The unique signaling pathways associated with cytokine-induced NF-kappa B activation in IECs has been investigated using various approaches. Adenoviral gene delivery of a truncated TRAF-2 protein revealed that TNF-alpha partially mediates NF-kappa B activation and IL-8 expression through TRAF-2 in HT-29 and IEC-6 cells (59). In addition, in HT-29 cells, although not in several other cell types (26), TRAF-2 is required for IL-1beta -induced NF-kappa B and IL-8 gene expression (59). These data suggest that interactions occur between the TRAF-2 protein and several different cytokine receptors in IECs in contrast to signal transduction in many bone marrow-derived cells, where TRAF-2 interacts solely with the TNF receptor family.

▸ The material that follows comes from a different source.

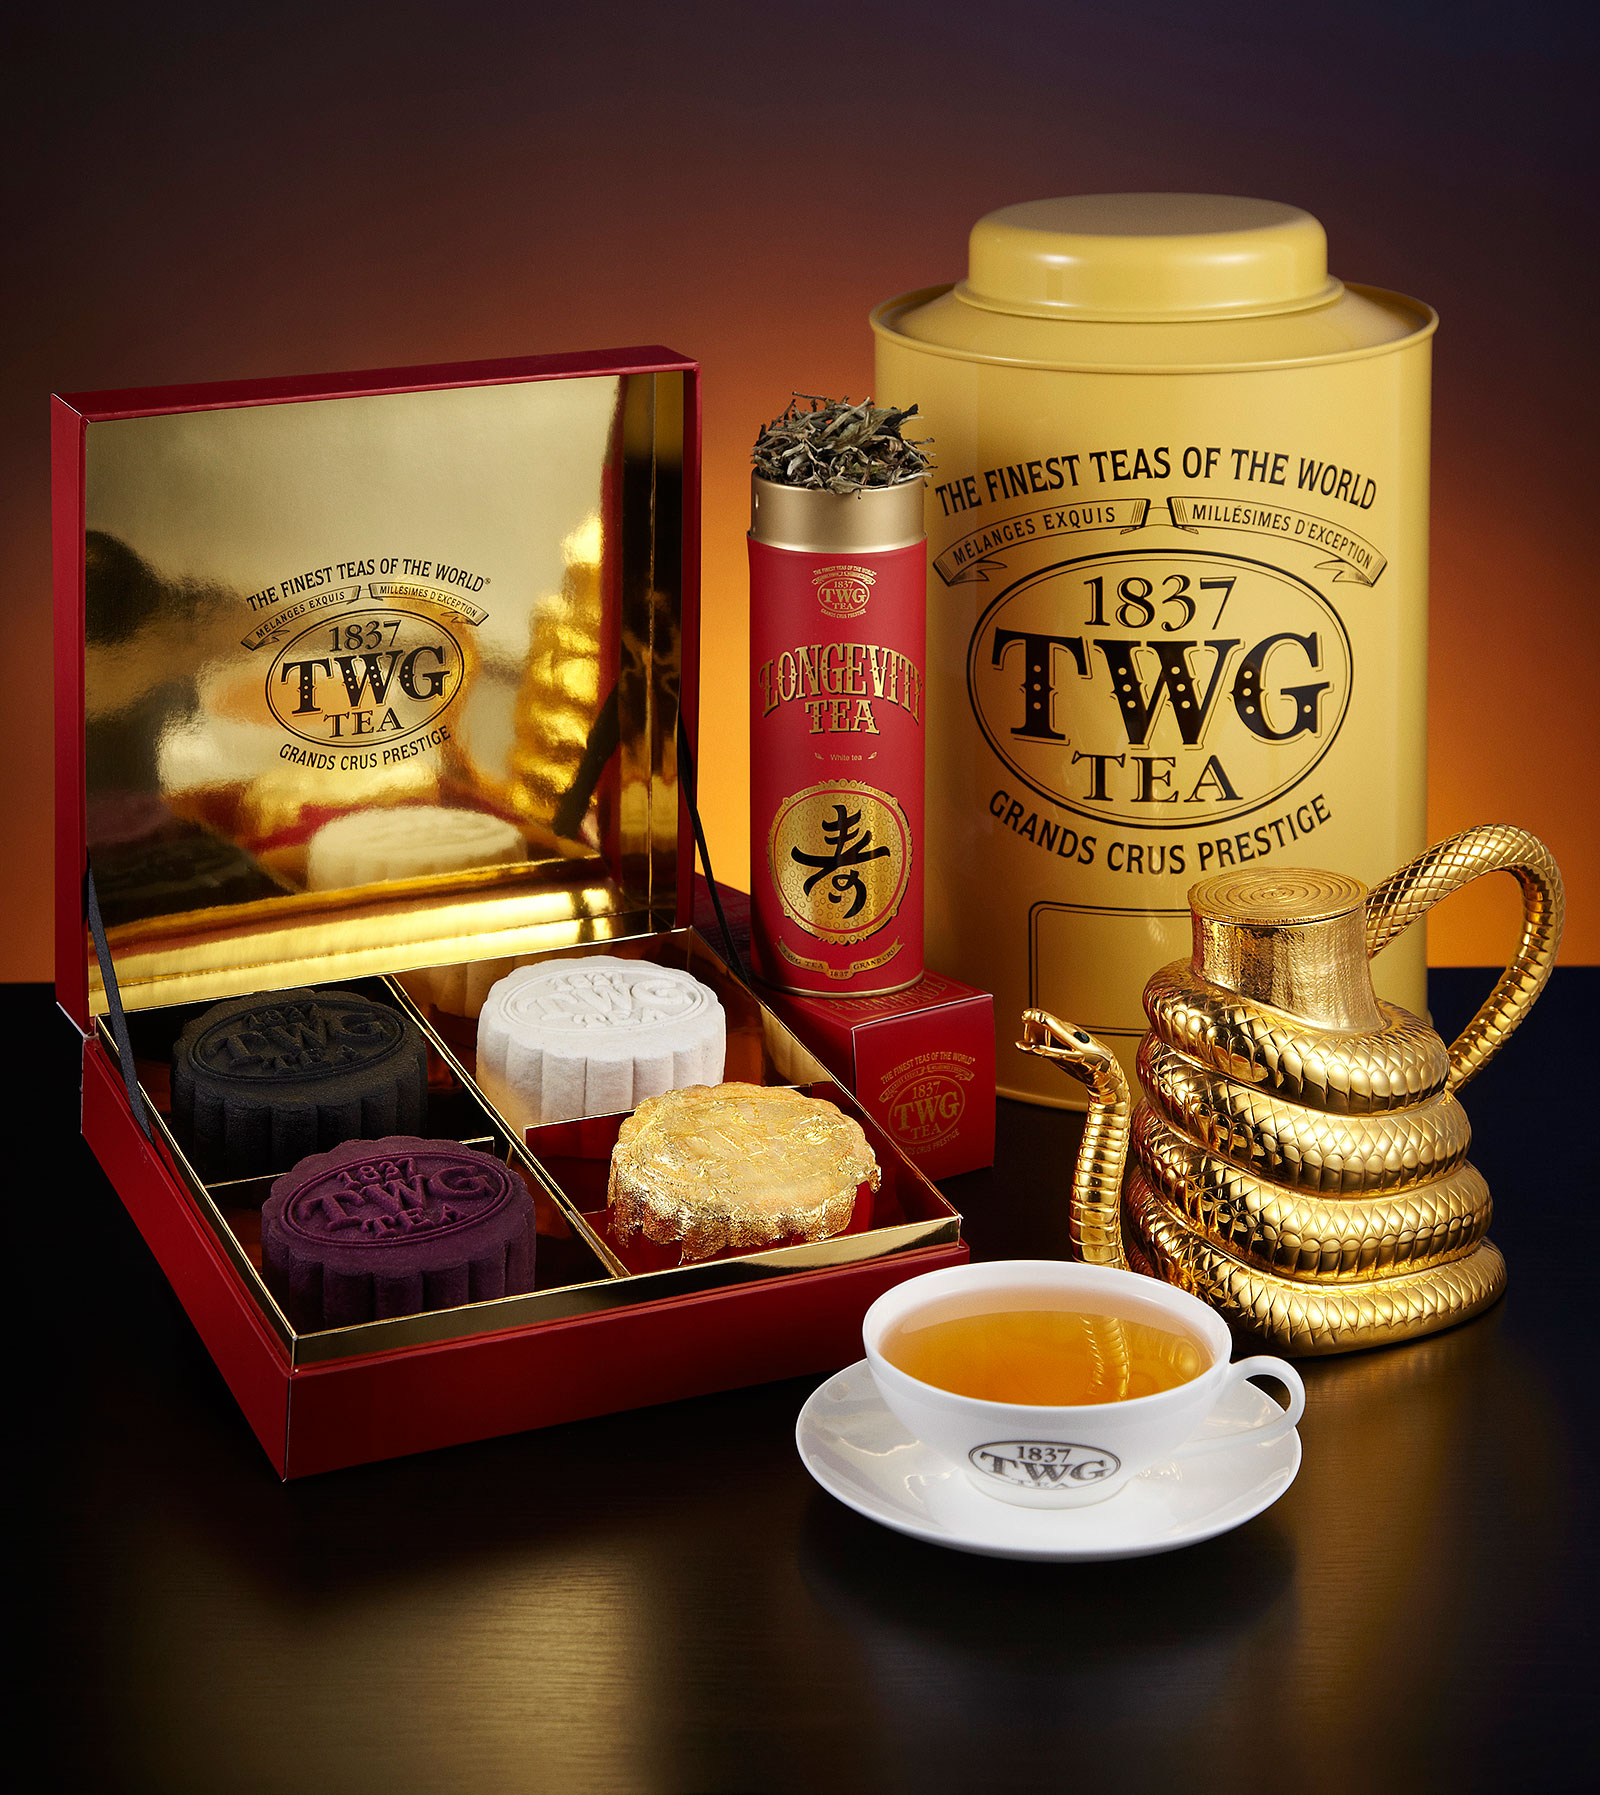 TWG Tea mooncakes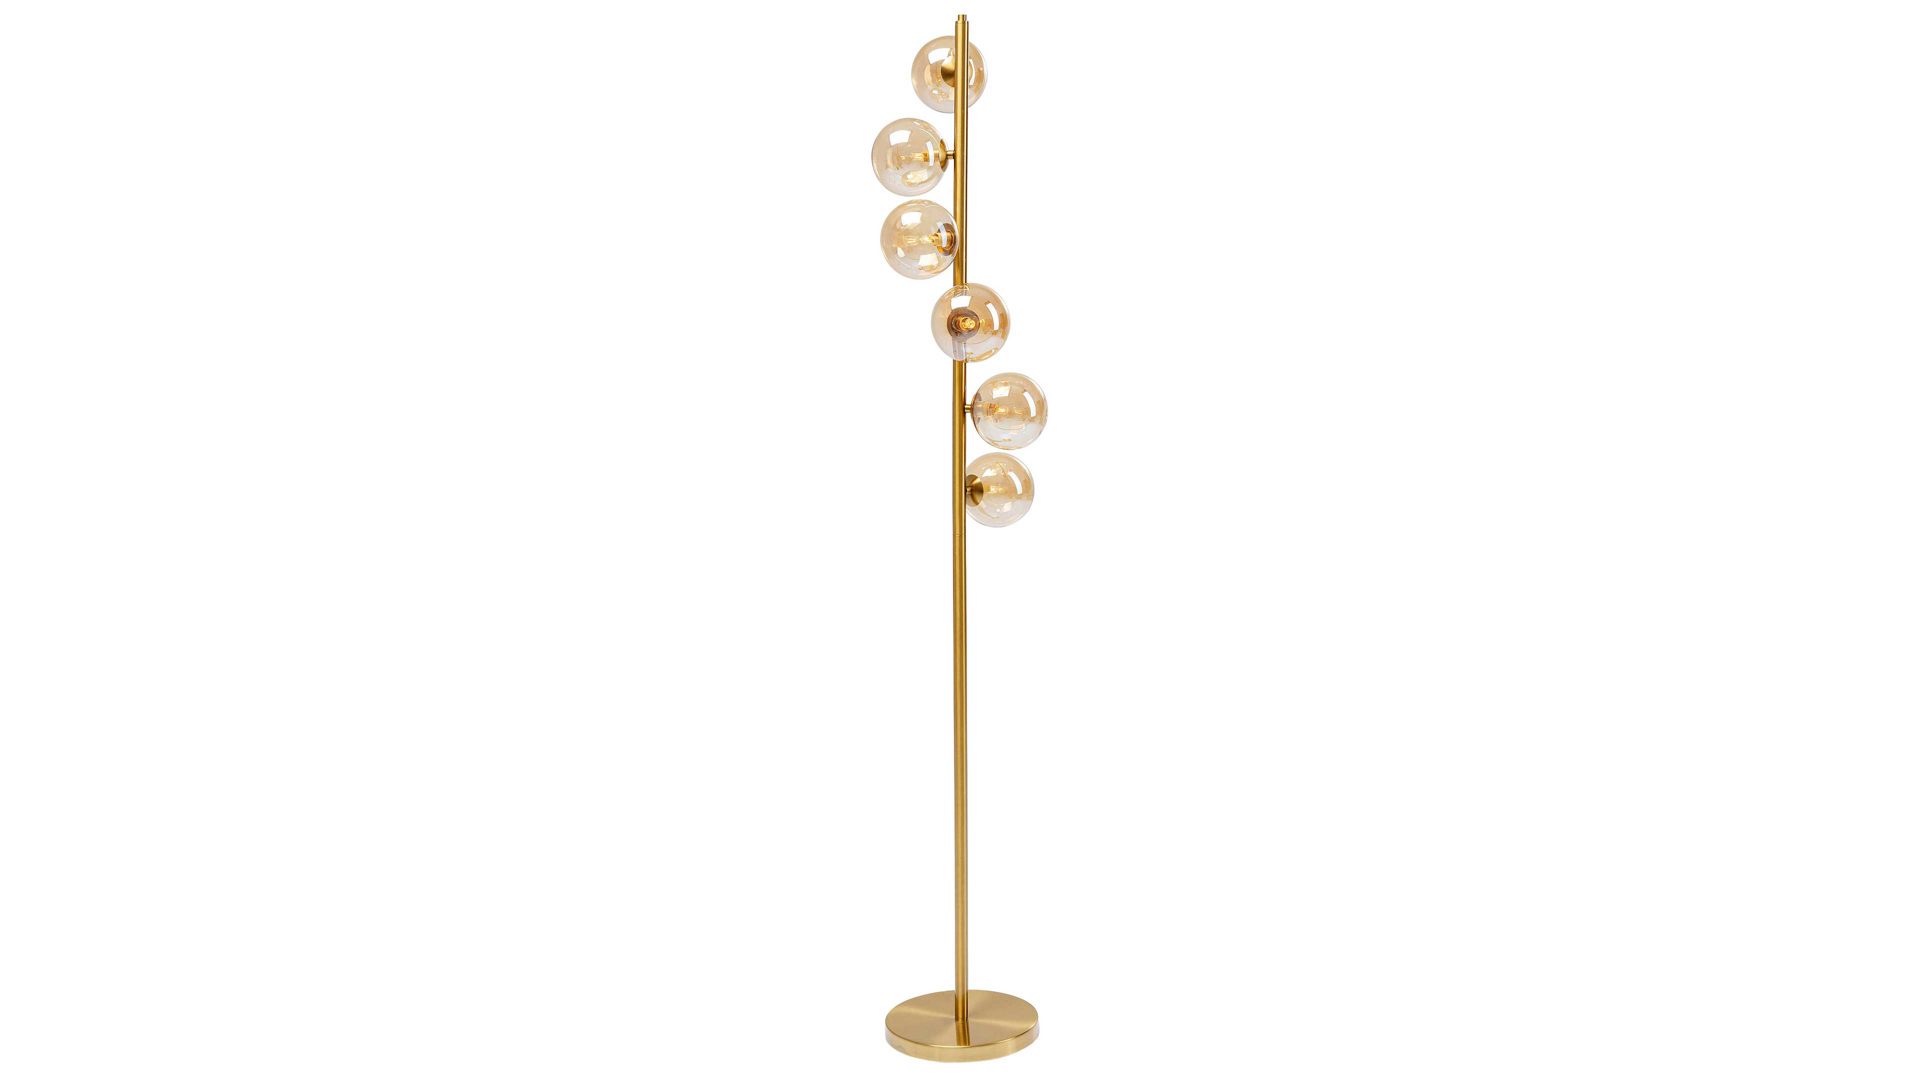 Stehleuchte Kare design aus Glas in Gold KARE DESIGN Stehleuchte Scala Balls goldfarbenes Metall - Höhe ca. 160 cm

Native colonic epithelial cells and most IEC lines have delayed and incomplete Ikappa Balpha degradation following cytokine activation (55), in addition to a strong decrease in IKK activity (64). Although viral delivery of NIK induces a strong Ikappa Balpha phosphorylation and NF-kappa B-activated gene expression in HT-29 cells, only a marginal degradation of Ikappa Balpha steady-state level is observed in these cells (64). By contrast, ectopic expression of NIK and IKK induces almost complete Ikappa B degradation in Caco-2 cells (54, 64). In addition, the IL-1beta signaling kinase IRAK is rapidly and completely degraded in IL-1beta -stimulated Caco-2 cells but not in HT-29 cells (14, 64). Because the proteasome pathway mediates degradation of both Ikappa Balpha and IRAK, it is tempting to speculate that HT-29 cells have a defect in their proteasome pathway, although there is currently insufficient evidence to support this hypothesis. The physiological mechanisms of Ikappa B resistance to degradation and its relevance to intestinal homeostasis remain to be determined.

The intestinal mucosa is composed of a dynamic cell population in perpetual change from a proliferative and undifferentiated stage (crypt-base) to mature surface villus epithelial cells (1, 92, 127). Migration of cells from the crypt to the surface of the colon is accompanied by cellular differentiation that leads to important morphological and functional changes. Although several studies have shown that this process involves substantial changes of cellular morphology, growth, proliferation, and expression of biochemical markers (76, 137), little is known about the alteration of immunological functions as IECs mature. Interestingly, the IL-1beta signaling pathway leading to IKK and NF-kappa B activation is downregulated in differentiated HT-29 cells (surfacelike cells) compared with undifferentiated cells (cryptlike cells) (14). In addition, bacterial invasion is reduced in differentiated IECs (22). These findings suggest that a gradient of NF-kappa B activation may exist along the crypt-surface axis in response to stimulation by proinflammatory cytokines and bacteria.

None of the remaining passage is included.